1970s - 1980s	V-Model	Extension of Waterfall with testing at each stage.
1980s - 1990s	Spiral Model	Risk-driven iterative model with refinement cycles.
1980s - 1990s	Prototype Model	Focused on building an early sample for validation.
1990s	RAD Model	Rapid prototyping with iterative feedback.
1990s - 2000s	Incremental Model	Development in small, manageable parts.
2000s - 2010s	Agile Model	Iterative, flexible, customer-focused approach.
2010s - Present	DevOps Model	Continuous integration, deployment, and automation.
2017 - Present	DevSecOps(Ai-ops)	Continuous integration, deployment, and automation with built-in security.

Brief about other models

1. Waterfall Model (1950s - 1970s)

Definition:

A sequential software development model where each phase must be completed before moving to the next.

Phases:

1. Requirement Analysis – Gather and document requirements.

2. System Design – Plan architecture and system design.

3. Implementation (Coding) – Developers write code based on the design.

4. Testing – Verify software functionality.

5. Deployment – Release software to users.

6. Maintenance – Fix issues and provide updates.

Advantages:

• Simple and easy to manage.

• Well-structured and documented.

• Suitable for projects with well-defined requirements.

Disadvantages:

• Rigid, difficult to accommodate changes.

• Testing occurs late in the process, leading to delays in finding issues.

• Not ideal for complex or evolving projects.

When to Use:

• Small projects with well-defined, fixed requirements.

• Where documentation and approvals are necessary.

V-Model (Verification & Validation Model - 1970s - 1980s)

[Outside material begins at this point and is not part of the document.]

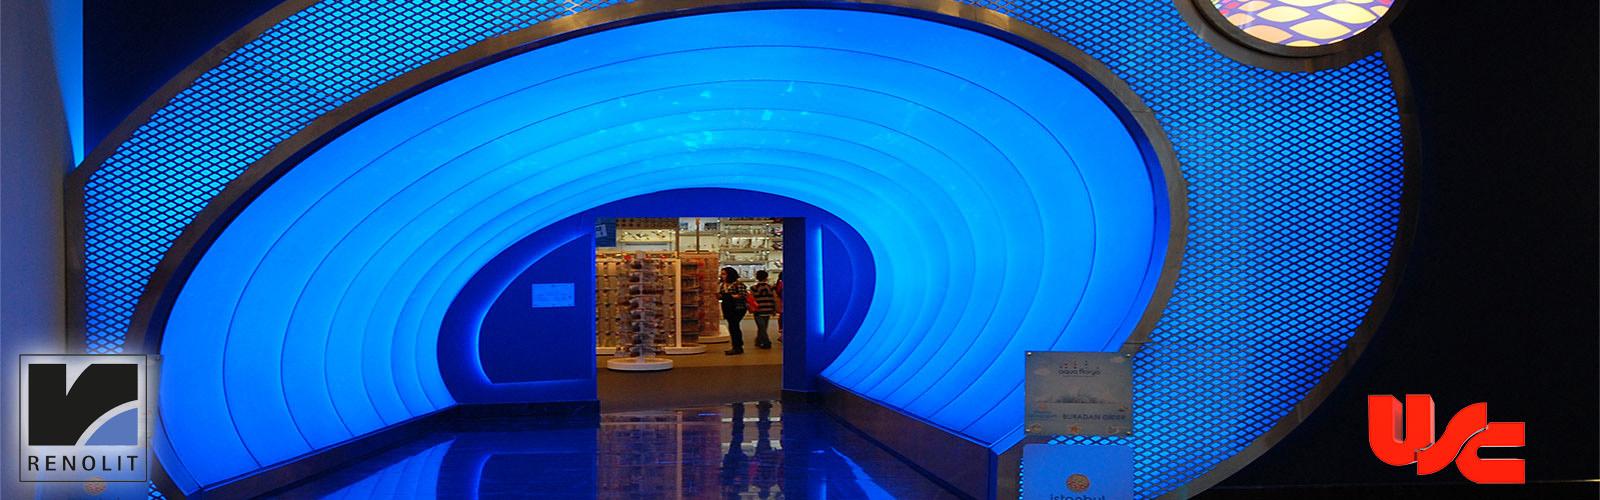 Aqua Florya AVM Tünel Geçişi
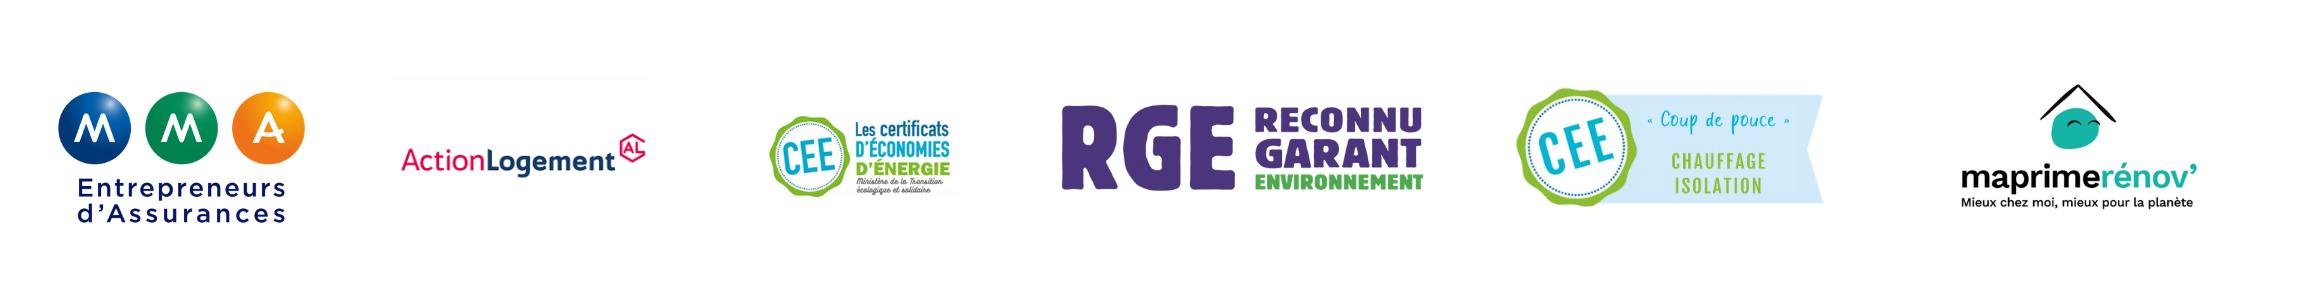 logo+rge+myprimerenov+action logement+cee+mma

V-Model (Verification and Validation Model)

Definition:

The V-Model (Validation & Verification Model) is a software development model that emphasizes testing at each development phase. It is an extension of the Waterfall Model, where testing activities are planned in parallel with development activities. It ensures that each development phase has a corresponding testing phase, making defect detection easier and earlier in the lifecycle.

Phases of the V-Model

1. Verification Phases (Development Side)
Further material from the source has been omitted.